All seven sites reported significant improvements in working relationships. Once medical leaders raised their expectations and provided individual feedback to physicians, teamwork improved dramatically.

Some of the biggest positive changes were unintended. "Teams said the collaborative experience opened up the dialog among team members about how to improve the practice," says Cyndy Flores, Director, PA/NP Strategy and Innovation and collaborative faculty member. "At many of the collaborative sites, this was the first time they really sat down as a group to work on it."

At the end of the collaborative, several of the medical directors and site lead PA/NPs said the department had experienced a cultural shift. "They implemented many best practices, but the greatest impact came from understanding that they were most effective — and most satisfied — when working as one team," says Aimee Nalle, Senior Human Resources Manager and collaborative faculty member.

PAs, NPs, and physicians were all very pleased with the experience. Several commented that they wished the collaborative could have happened earlier. They also noted that the changes implemented weren't particularly demanding. Simple awareness and intention made a big impact on everyone's satisfaction.

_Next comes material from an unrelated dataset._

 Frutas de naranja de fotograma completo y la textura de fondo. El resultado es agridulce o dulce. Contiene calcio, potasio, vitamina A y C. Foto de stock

About Those Survey Results

Collaborative participants' subjective reports of increased satisfaction were backed up by the results of our annual survey:
  • Five of seven sites saw improvements in "sense of belonging." Some gains were quite marked, with scores rising by as much as 0.67 points on a 5-point scale.
  • All but one site exceeded the 4-point benchmark for "sense of belonging." (The other was very close at 3.94).

We the faculty thought those results were pretty impressive, especially considering that the survey fell relatively early in the collaborative. We'll need to watch trends over a number of years before we draw any strong conclusions. We're also curious to see how well the teams sustain these gains.

The Leaders React

The teams' achievements within the collaborative exceeded our expectations as faculty members. We were impressed, proud and even a little moved. We felt that the experience had made a difference. While we'd given the teams a blueprint and tools for change, they'd gone a step further by transforming their culture and relationships.

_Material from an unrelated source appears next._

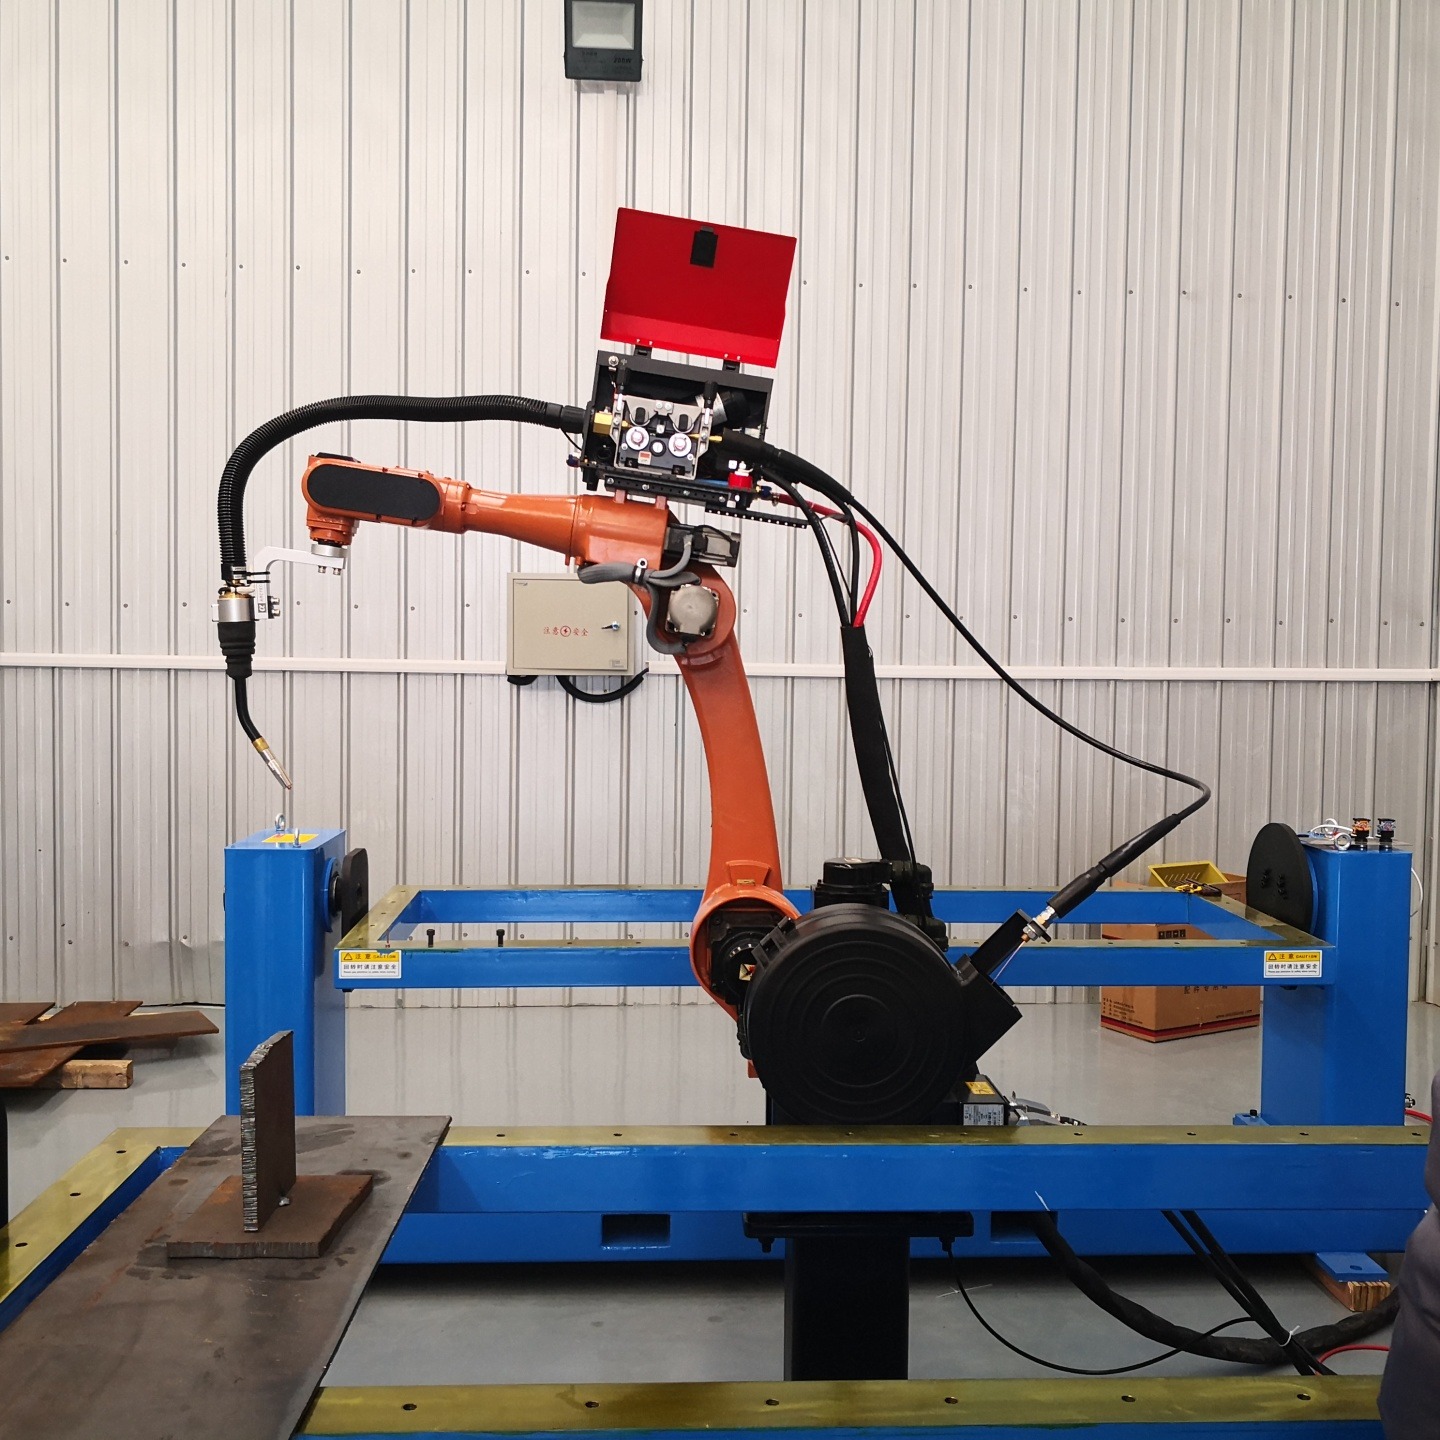 全自动焊接机械臂 工业焊接机械手臂 智能焊接机械臂 机器人焊接机 汽车制造焊接机械臂 赛邦智能

Perhaps more than any other collaborative we've undertaken at Vituity, this one required courage. "The focus was highly personal," Flores says. "No one wants to be told they're being disrespectful or marginalizing their colleagues. The work these teams undertook required insight, dialog, humility, and honesty. We are impressed at their commitment in rising to this challenge."

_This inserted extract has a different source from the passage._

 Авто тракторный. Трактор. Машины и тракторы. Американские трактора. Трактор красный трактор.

We asked the participants whether there should be a second PA and NP satisfaction collaborative, and the answer was a resounding YES. Plans for the program are currently in the works.

We hope that over time, the collaboratives will provide us with intelligence that informs our recruiting and retention efforts. We'll also be studying how improved PA and NP satisfaction translates into other benefits for our group and client hospitals. Most of all, we hope to create a top-notch PA and NP practice that attracts and retains the best and brightest to our organization.